Work to be completed →
Nothing but an exact repeat of the data, with pictures removed, belongs in the answer.

Raw data →
□ □ □ □

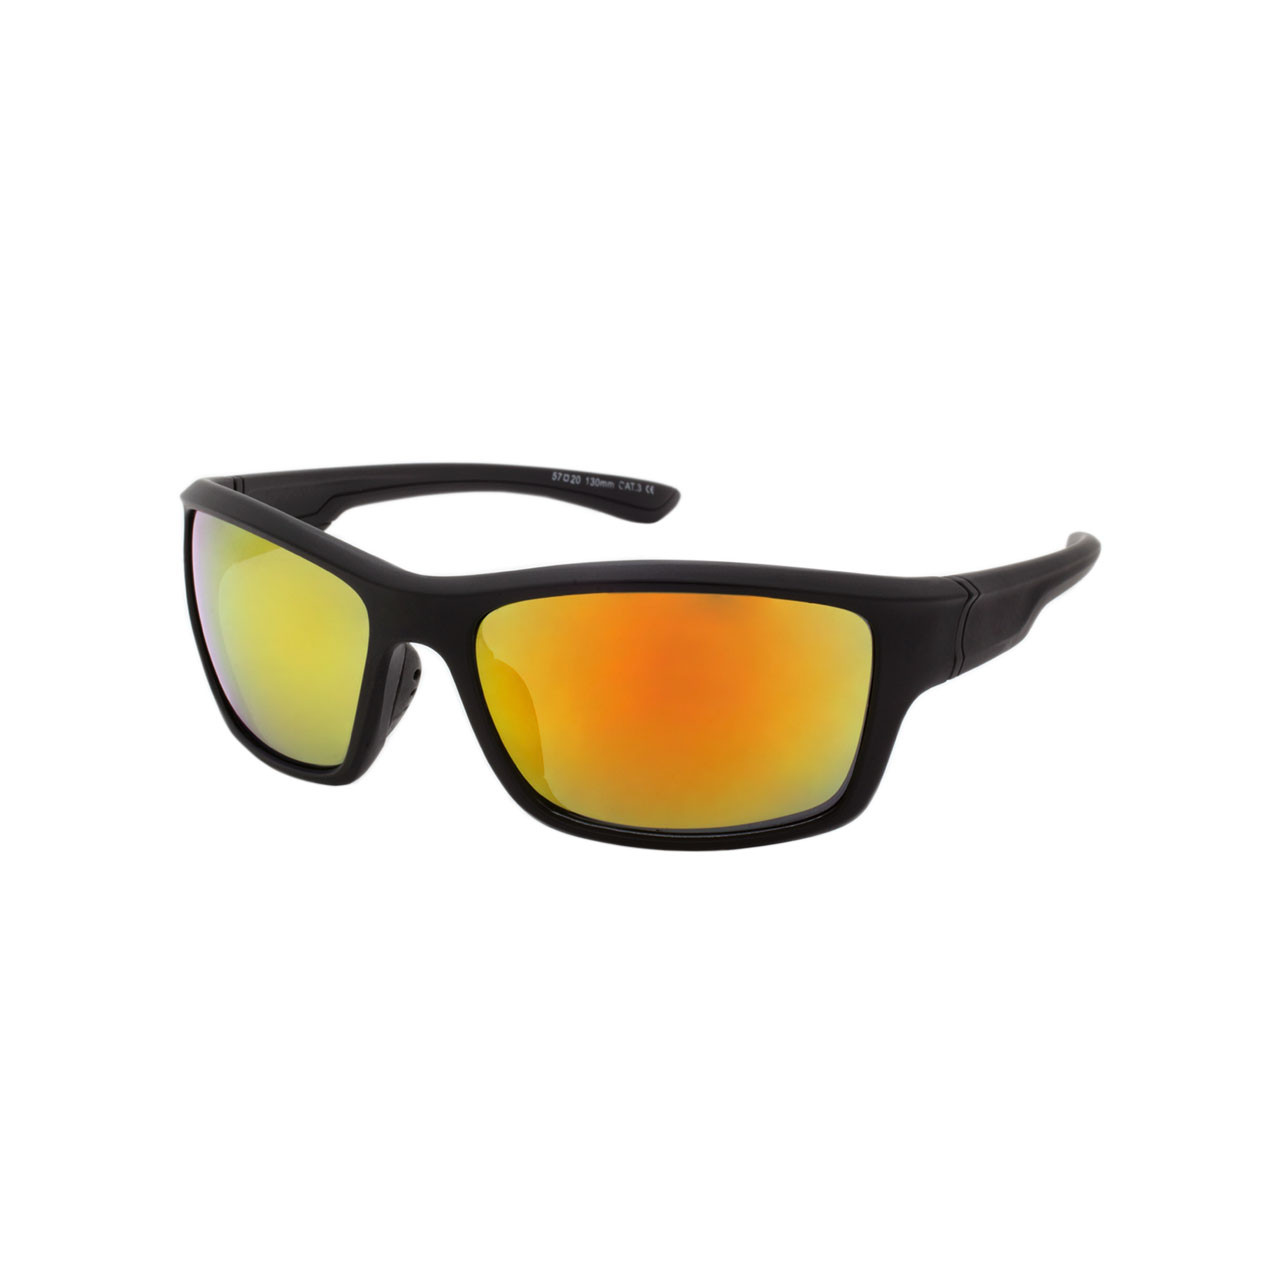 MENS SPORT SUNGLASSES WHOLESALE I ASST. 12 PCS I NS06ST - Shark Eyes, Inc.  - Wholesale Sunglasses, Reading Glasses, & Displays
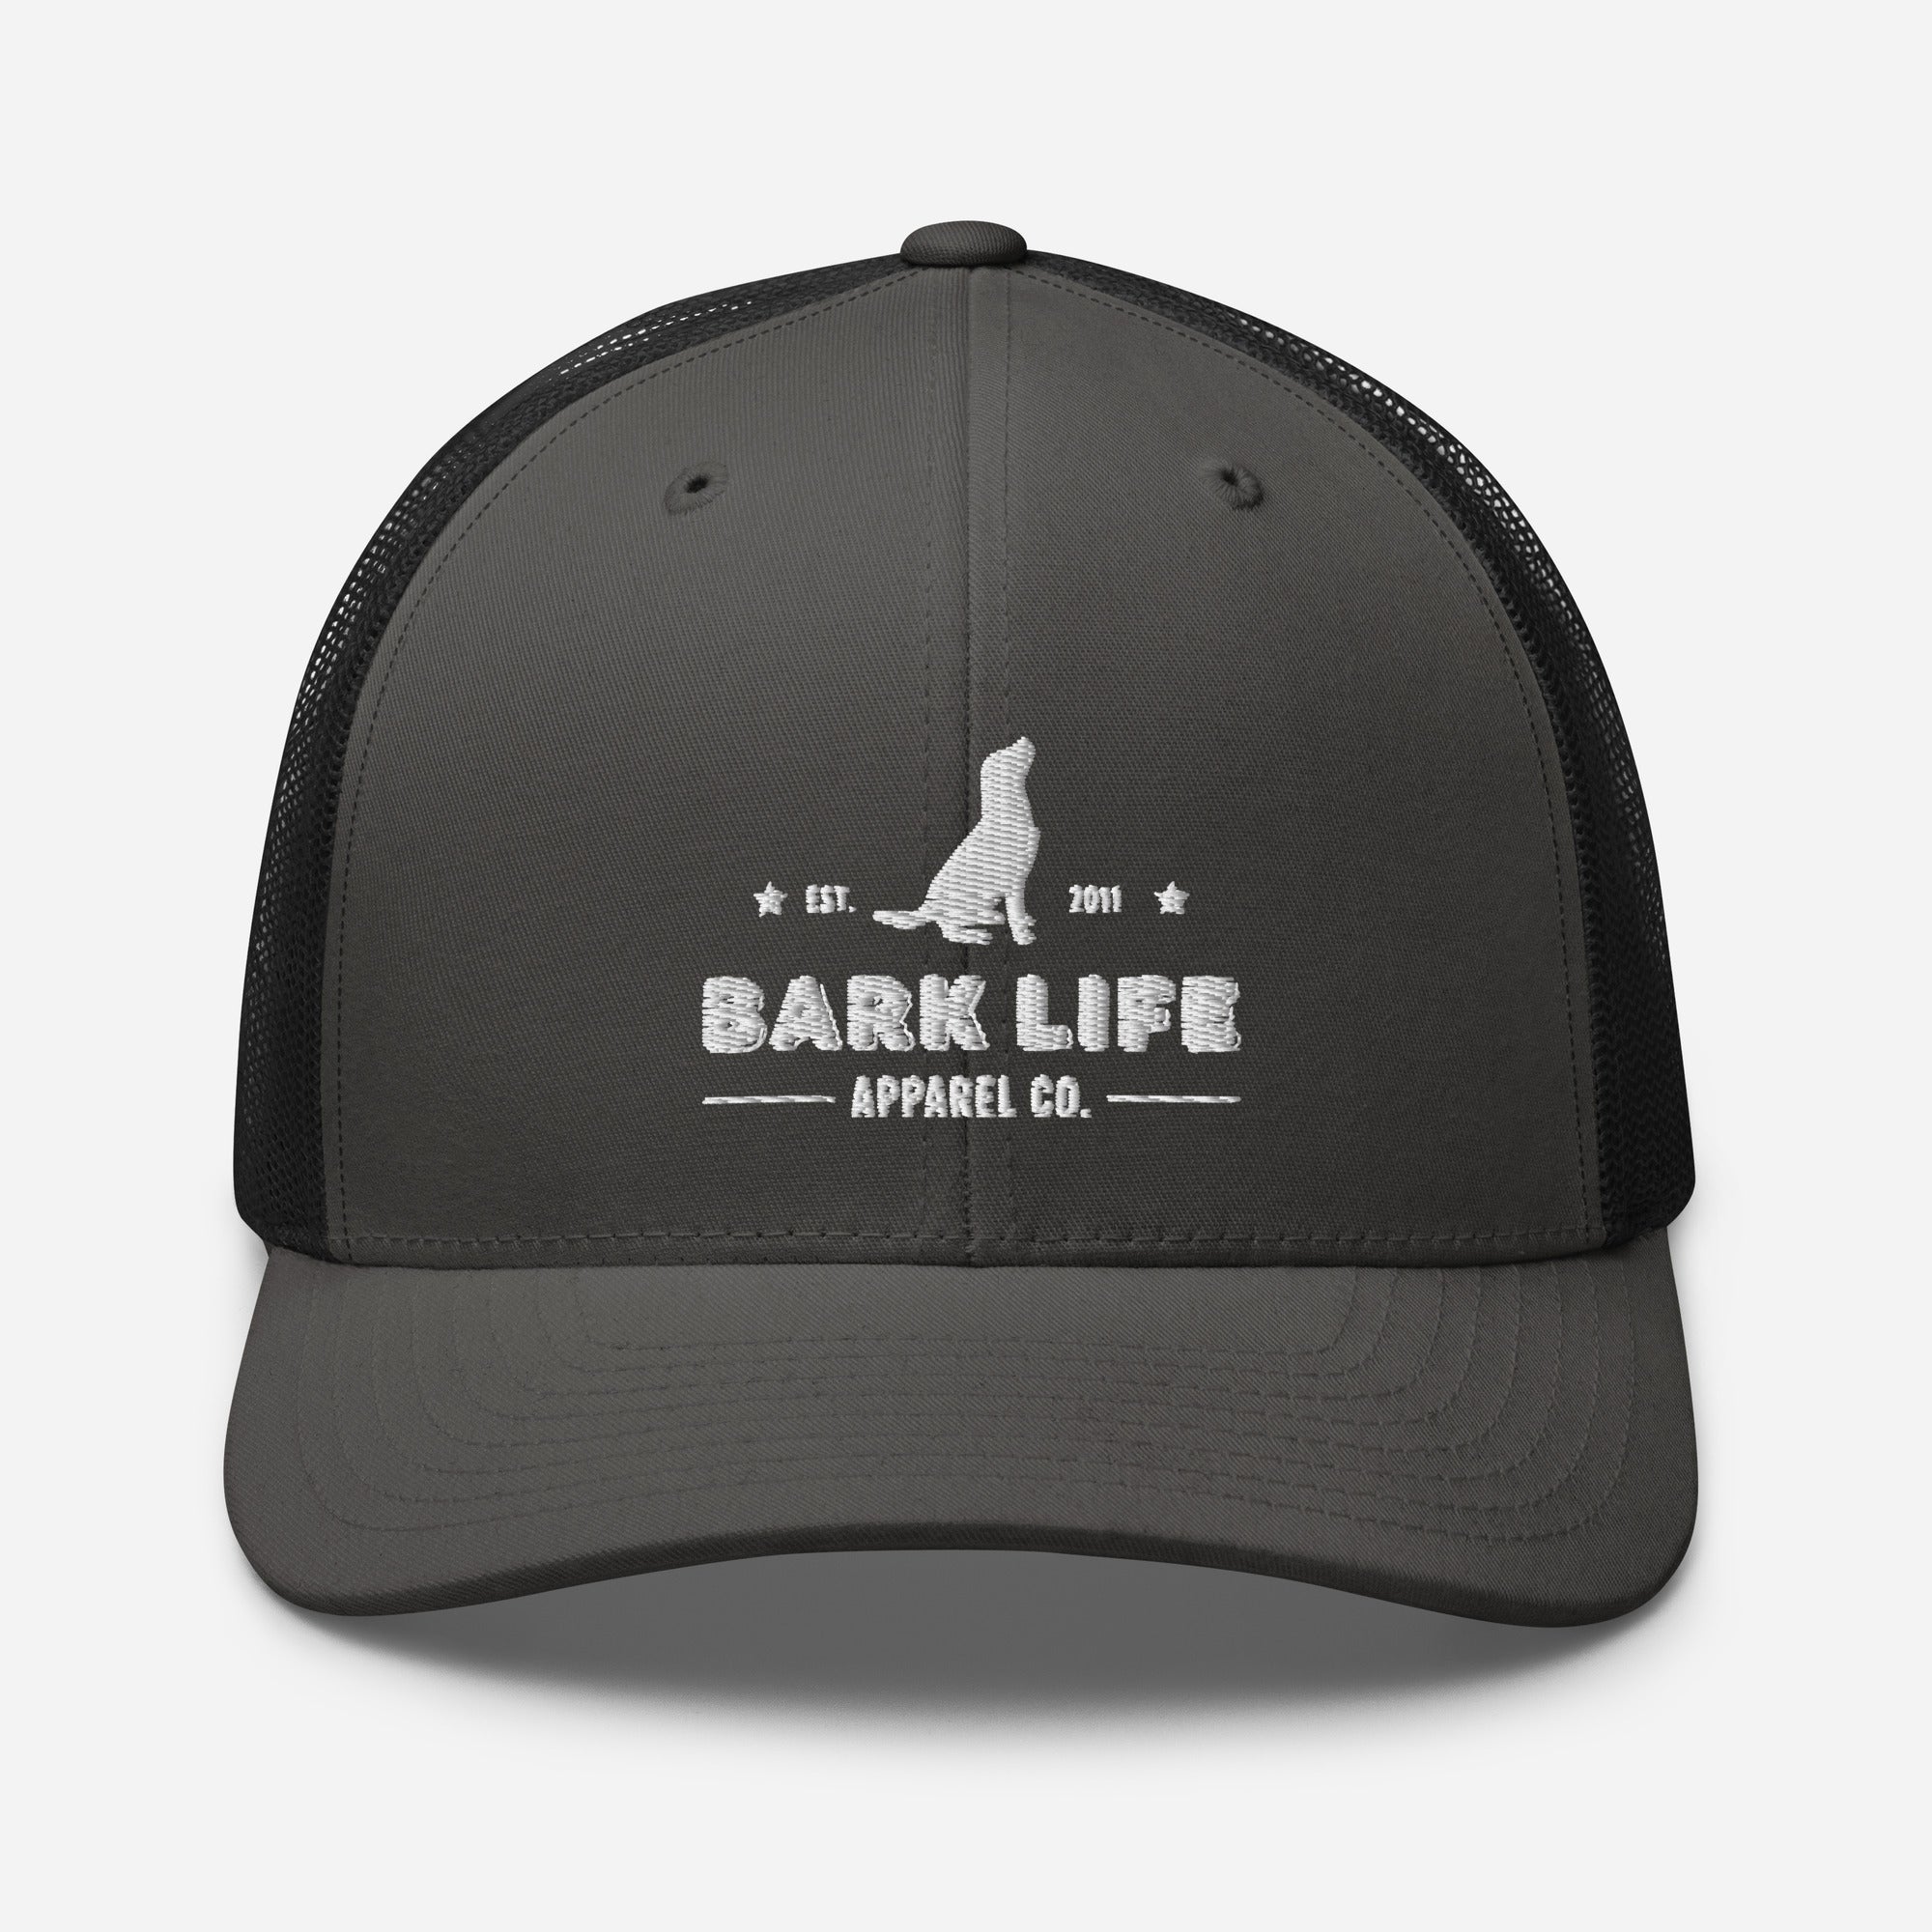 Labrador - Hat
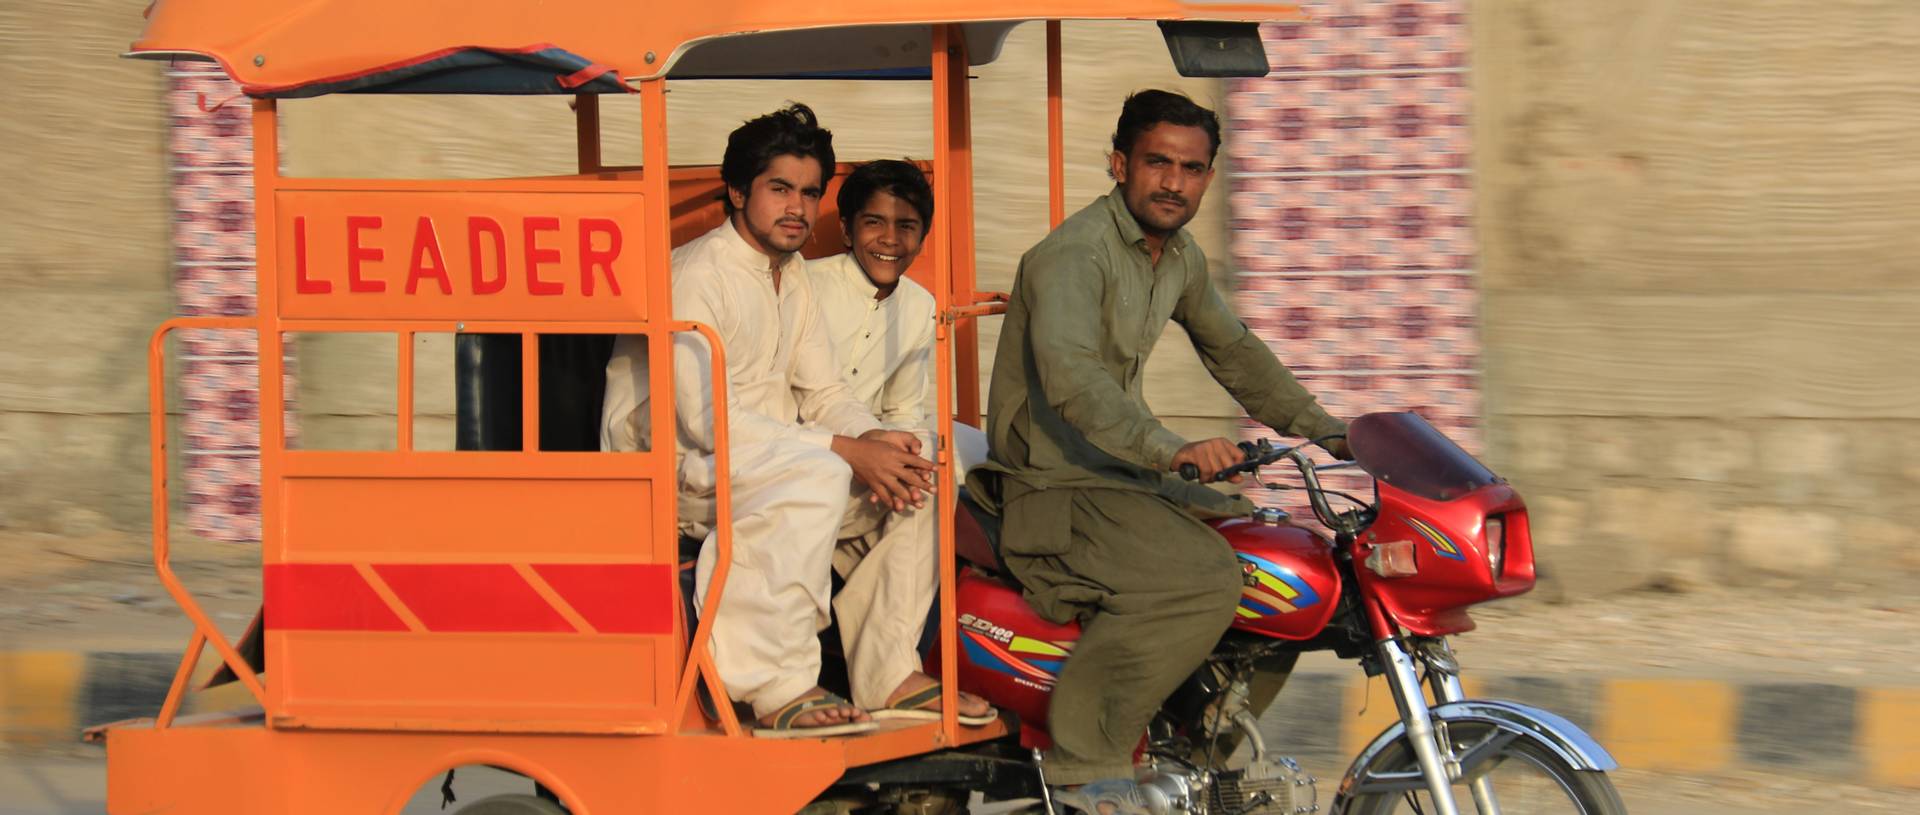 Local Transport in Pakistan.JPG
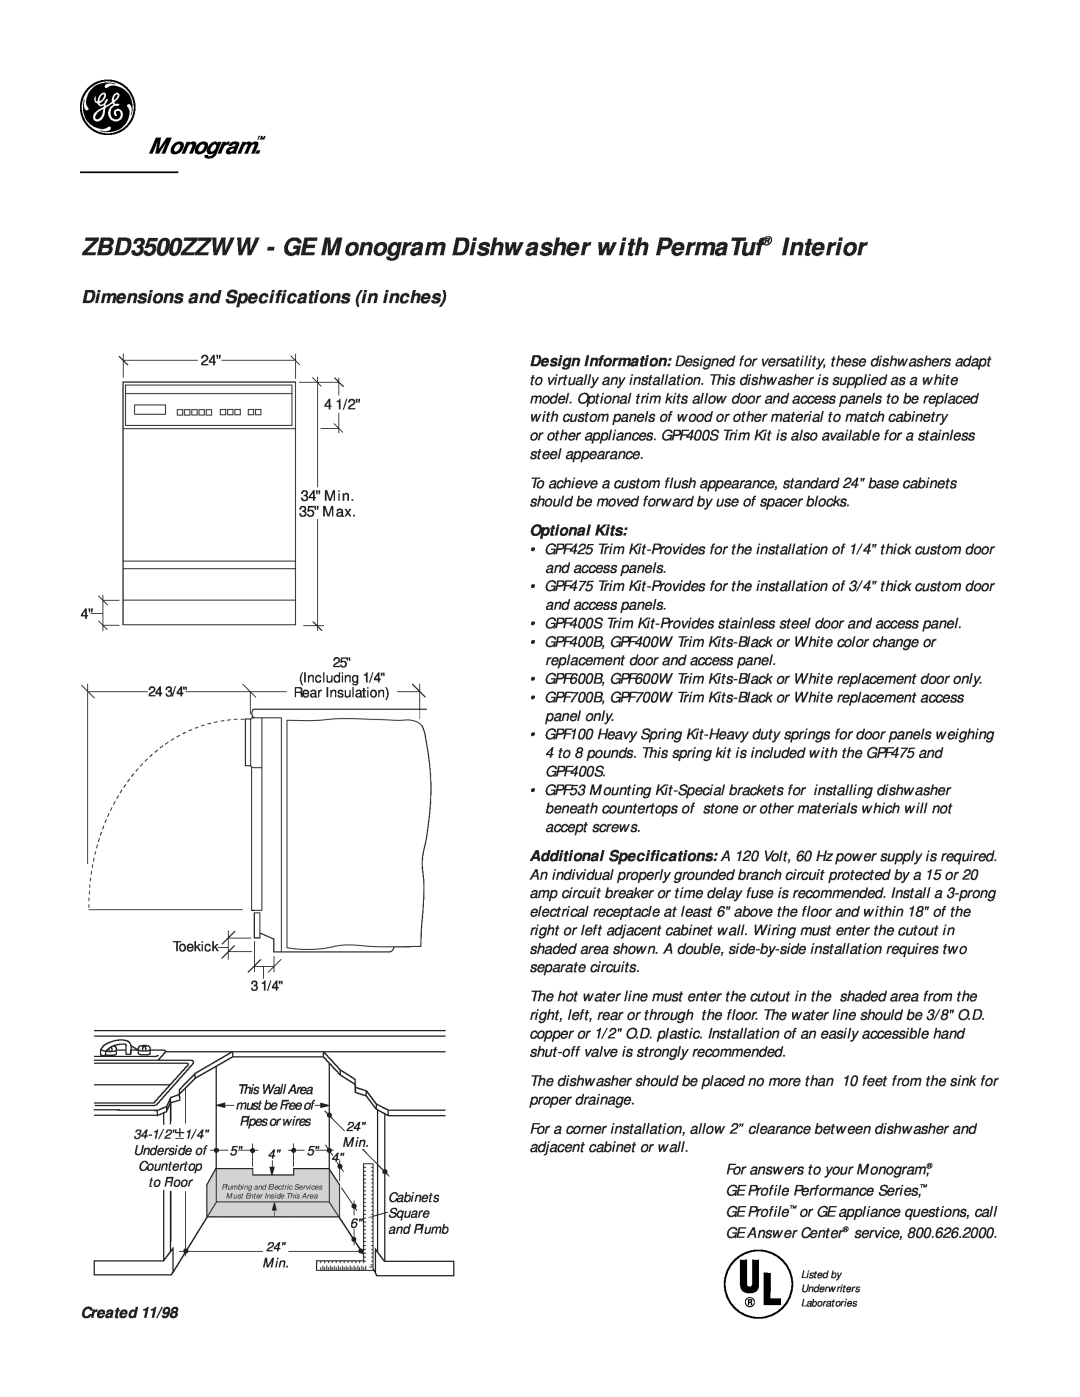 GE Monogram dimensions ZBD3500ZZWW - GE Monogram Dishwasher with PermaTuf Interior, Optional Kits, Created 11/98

□ □ □ □

Response →
 MENS SPORT SUNGLASSES WHOLESALE I ASST. 12 PCS I NS06ST - Shark Eyes, Inc.  - Wholesale Sunglasses, Reading Glasses, & Displays
 Labrador - Hat
 Local Transport in Pakistan.JPG
 GE Monogram dimensions ZBD3500ZZWW - GE Monogram Dishwasher with PermaTuf Interior, Optional Kits, Created 11/98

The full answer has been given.